Shingles Vaccination Slows Seven Biological Aging Domains

A recent study published in The Journals of Gerontology Series A found that the shingles vaccine may offer benefits beyond preventing the painful Herpes Zoster infection and could also contribute to slower biological aging in older adults.
On January 20, 2026, researchers from the University of Southern California Leonard Davis School of Gerontology published data that, after adjusting for sociodemographic factors and health covariates, the results showed that individuals who received the shingles vaccine (herpes zoster vaccine) exhibited significantly more favorable profiles in several areas.
Specifically: - Lower inflammation scores (b = -0.14, p = 0.0027), indicating reduced chronic "inflammaging"—a low-grade inflammation linked to age-related diseases like heart disease, frailty, and cognitive decline.
Slower epigenetic aging (b = -0.17, p = 0.0001), reflecting changes in how genes are expressed over time without altering the DNA sequence itself.
Slower transcriptomic aging (b = -0.19, p < 0.0001), which measures how genetic instructions are converted into proteins.
A lower overall composite biological aging score (b = -0.18, p = 0.0002), suggesting broader benefits for systemic and molecular aging processes.
Interestingly, vaccinated participants showed higher adaptive immunity scores (b = 0.09, p = 0.0133), an unexpected result that researchers believe requires further exploration.
According to these researchers, vaccination timing played a role in these findings.
The improvements in epigenetic, transcriptomic, and composite biological aging were most pronounced within the first three years after vaccination, although evidence of slower aging persisted beyond that period.
Lead author Jung Ki Kim noted that the vaccine may help reduce background inflammation, possibly by preventing the reactivation of the varicella-zoster virus, which causes chickenpox and later shingles.
"By helping to reduce this background inflammation—possibly by preventing reactivation of the virus that causes shingles—the vaccine may play a role in supporting healthier aging," Kim explained.
The study supports the emerging idea that certain vaccines could influence biological systems tied to aging, extending their value beyond mere infection prevention.
However, the authors emphasize that the effects are specific to certain domains, modest in size, and observational—indicating that they show associations rather than definitive causation.

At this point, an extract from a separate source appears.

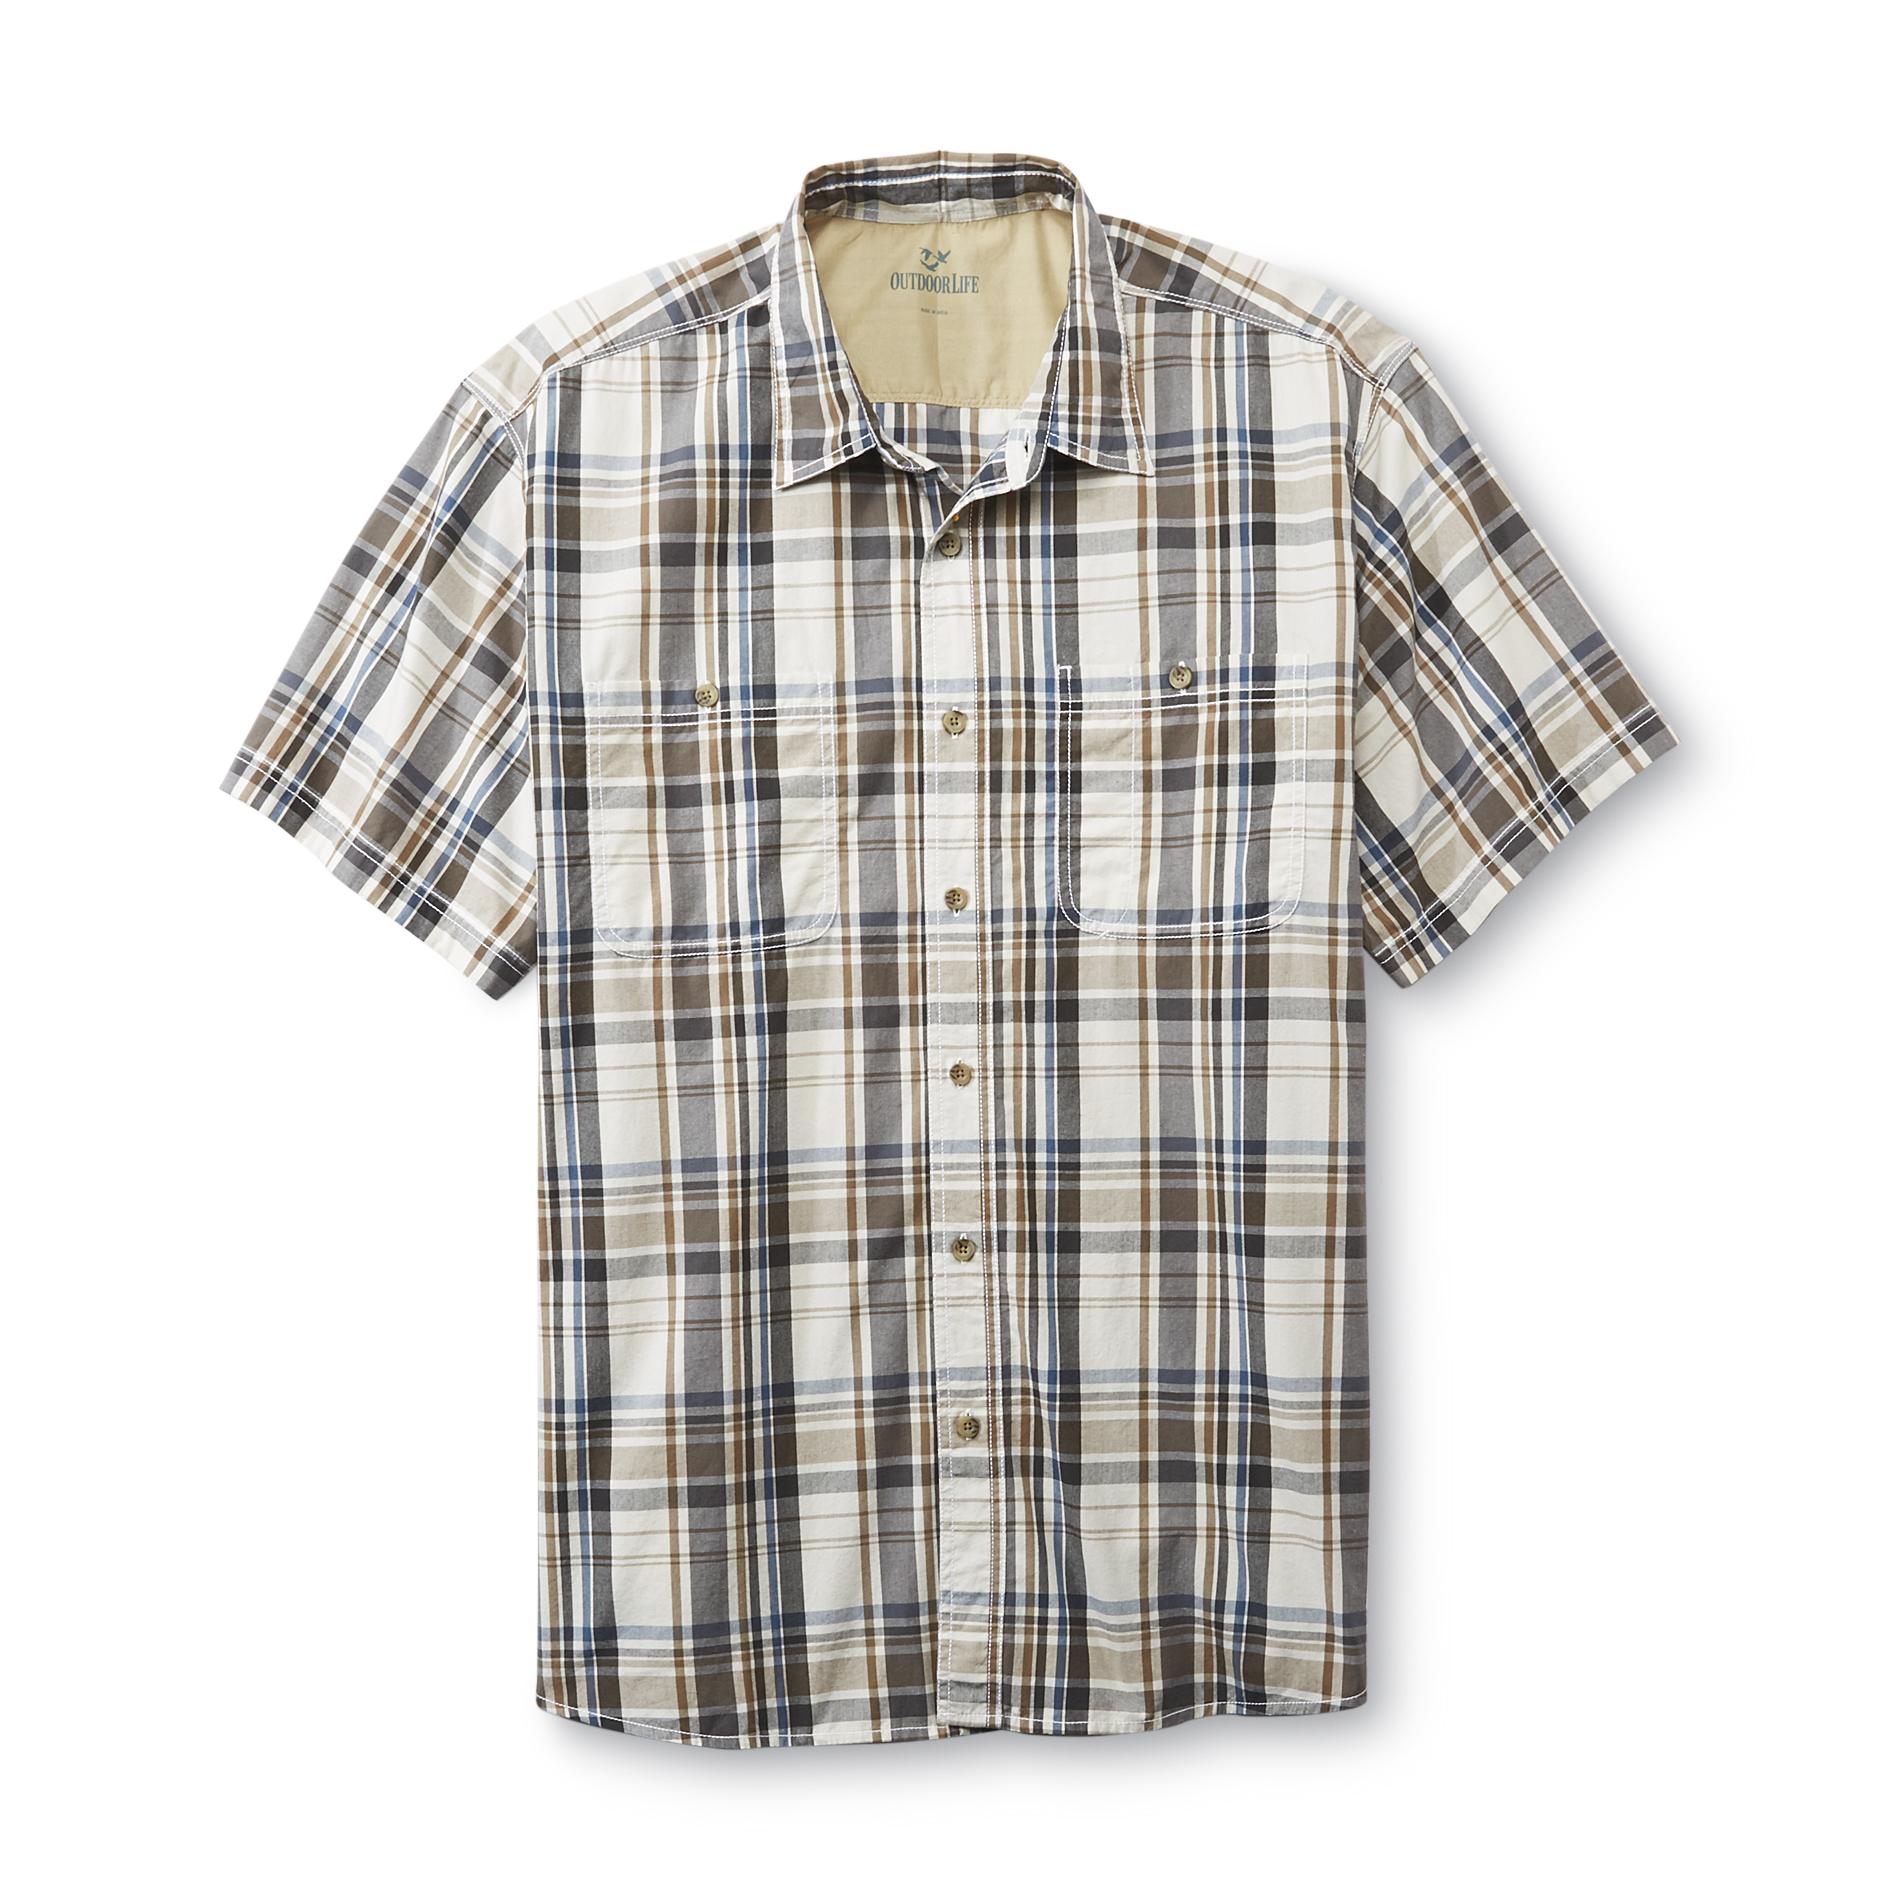 Outdoor Life Men's Big & Tall Discovery Short-Sleeve Shirt - Plaid

And that longitudinal research is needed to confirm these patterns and clarify long-term health implications.
As of January 22, 2026, the most popular shingles vaccine in the United States, Shingrix® (recombinant zoster vaccine), is already recommended by health authorities such as the U.S. CDC for adults aged 50 and older due to its strong protection against shingles and related complications, such as postherpetic neuralgia.
Manufactured by GSK, Shingrix is a non-live, adjuvanted recombinant vaccine that has been the U.S. standard since replacing the older live vaccine, Zostavax.